What happened

Shares of technology giant Apple (AAPL -0.35%) were sliding today after it was reported that Foxconn, one of Apple's largest suppliers, had to suspend operations at two of its Chinese factories. 

The tech stock was down by as much as 2.1% and had fallen 1% as of 2:13 p.m. ET.  

So what 

The South China Morning Post reported this morning that two Foxconn facilities have been shut down since April 20, after some employees at the factories came down with COVID-19. 

Camera lenses on a phone.

Image source: Getty Images.

China has a very strict zero-COVID policy, which can result in businesses being shut down when new coronavirus cases are found. The country also continues to lock down entire cities, with Shanghai currently under a lockdown order. 

Apple, along with other technology companies, is already facing supply chain issues due to COVID, and news of production being suspended at two Foxconn factories is causing some investors to worry that Apple could face additional production slowdowns. 

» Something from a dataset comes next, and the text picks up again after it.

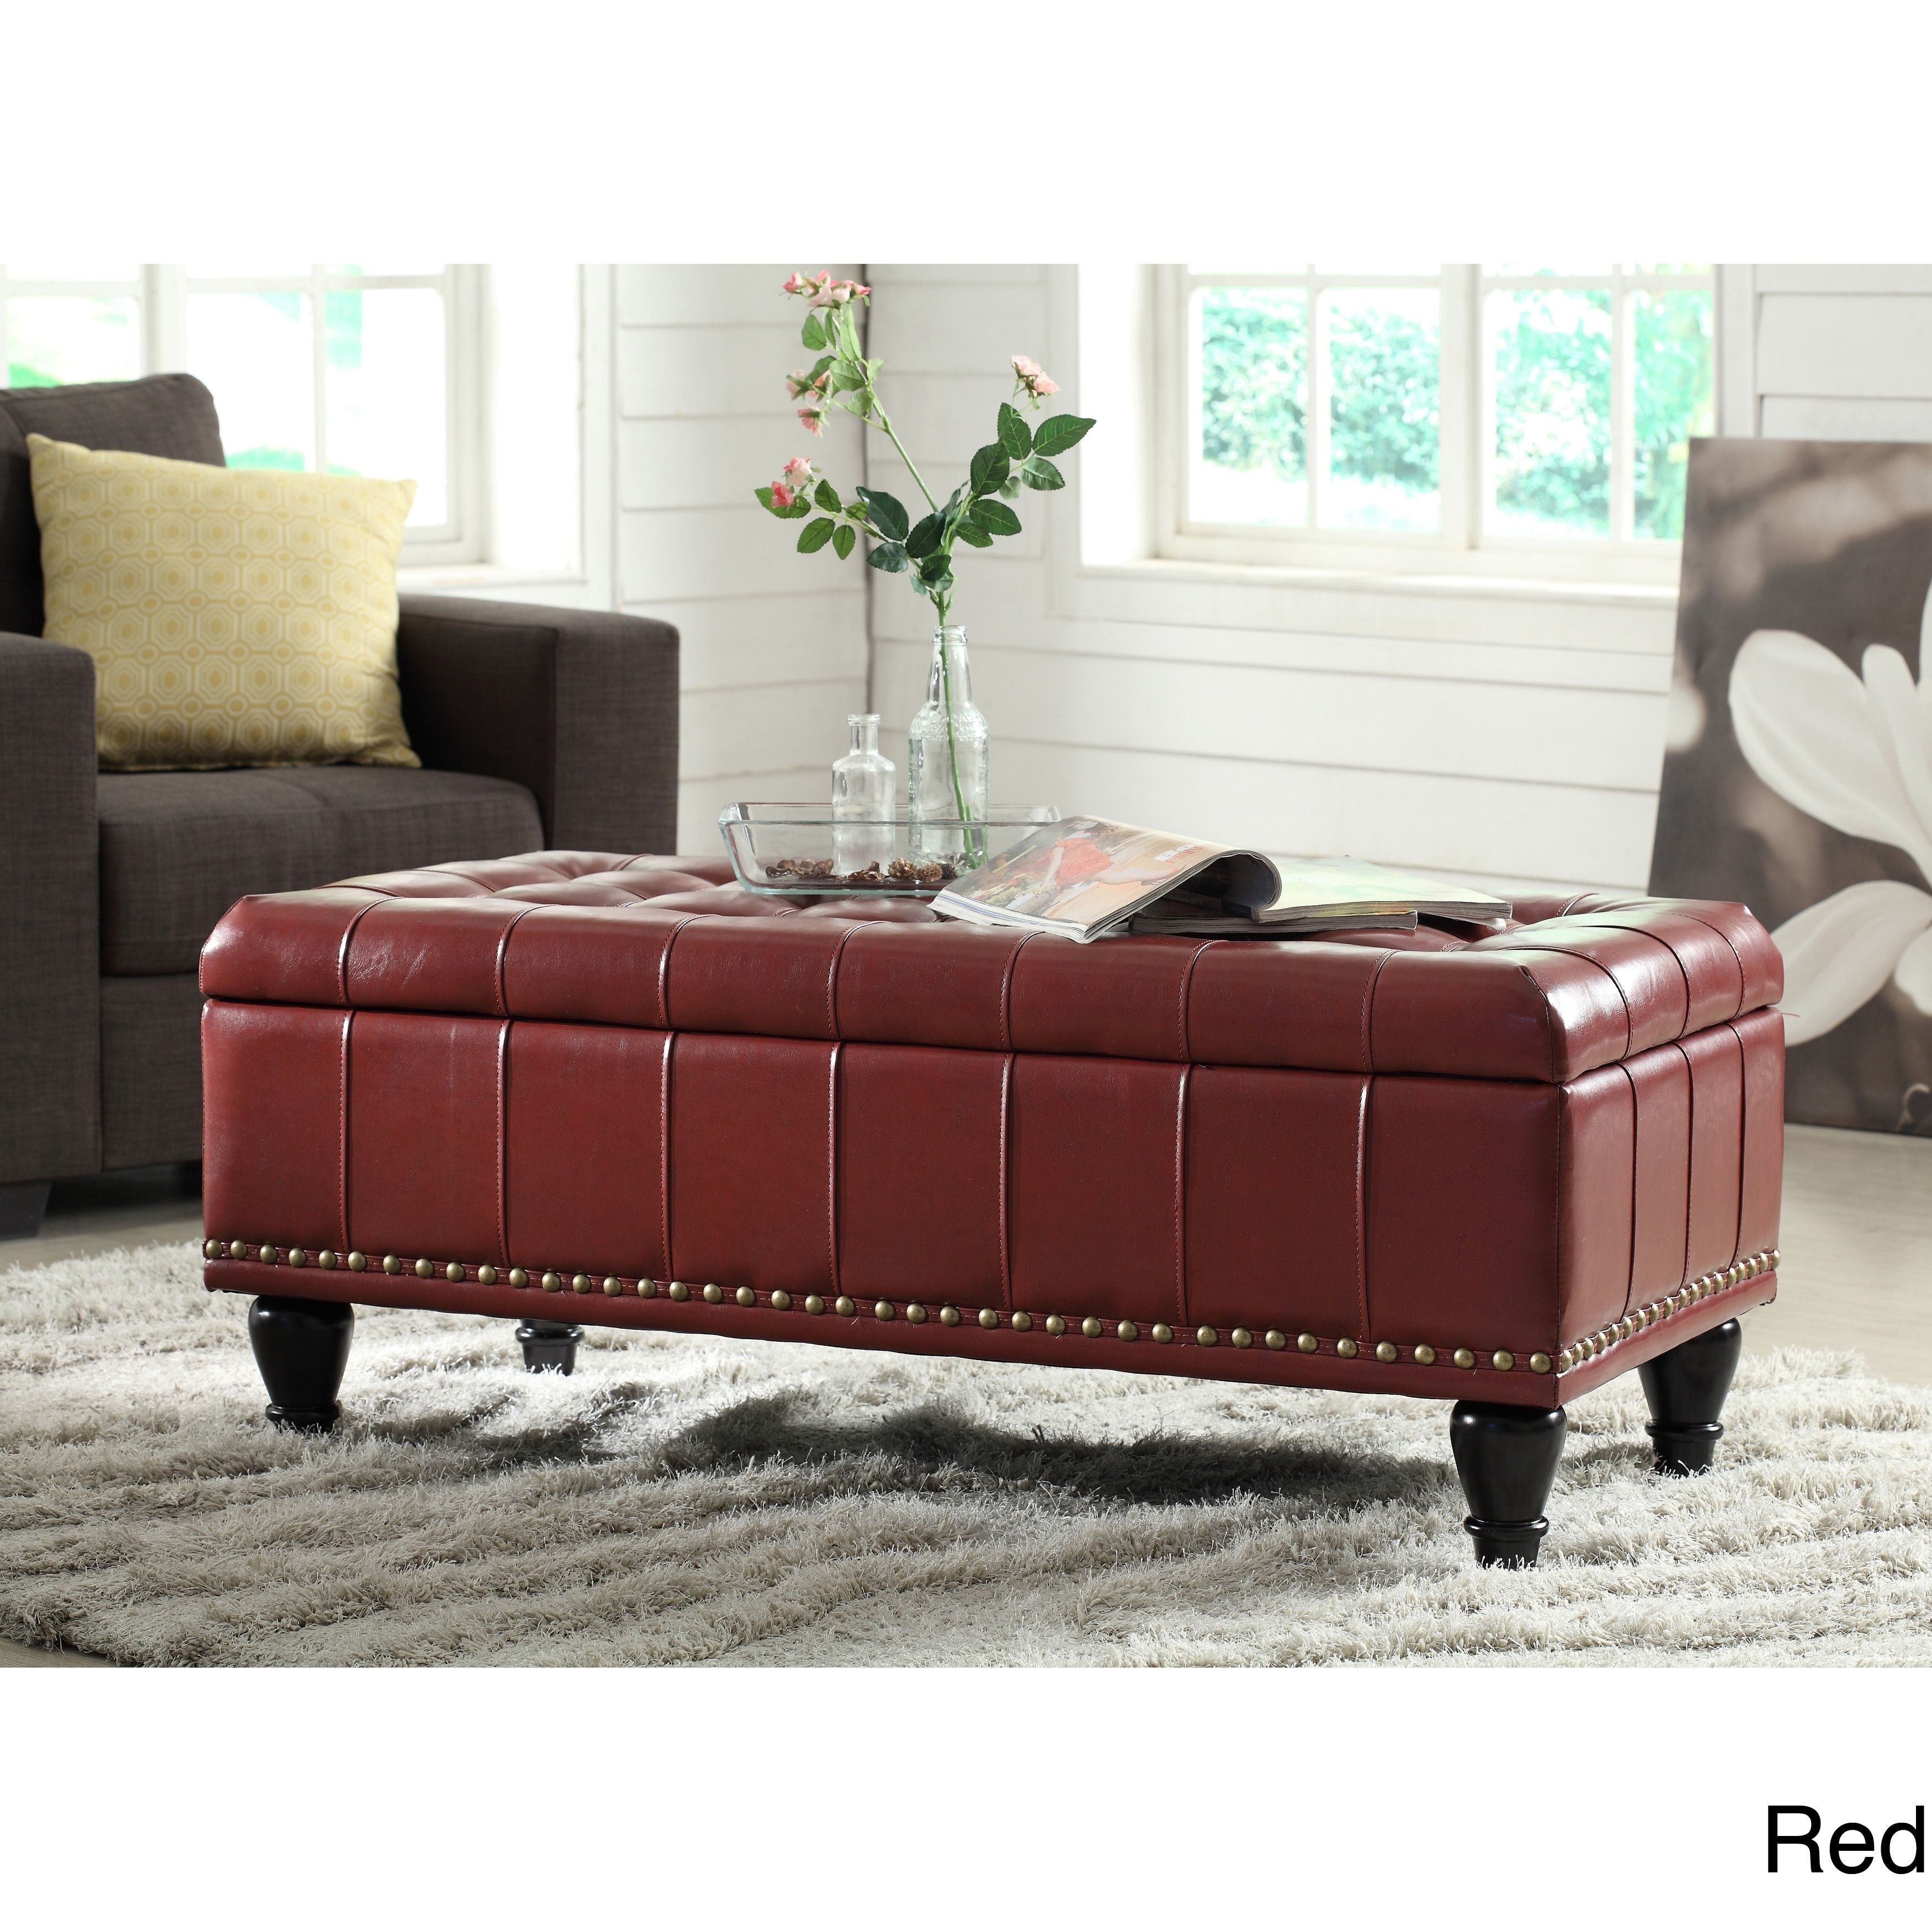 Buy Red Ottomans & Storage Ottomans Online At Overstock | Our With Regard To Mill Large Leather Coffee Tables (View 8 of 30)

It's unclear at this point whether or not Apple will be directly affected by Foxconn plants being closed and Foxconn itself told Al Jazeera that production had been shifted to other plant locations. 

Now what

It's no surprise that Apple investors are reacting to this news today. Chinese stocks have tumbled over the month as the Chinese government has enacted lockdowns on the city of Shanghai and other parts of the country. 

Investors are worried that if lockdowns persist in China it could impact the production of Apple's devices. And with the tech giant set to report its latest quarterly financial results later this week, investors are keeping a close eye on any news that could affect the company.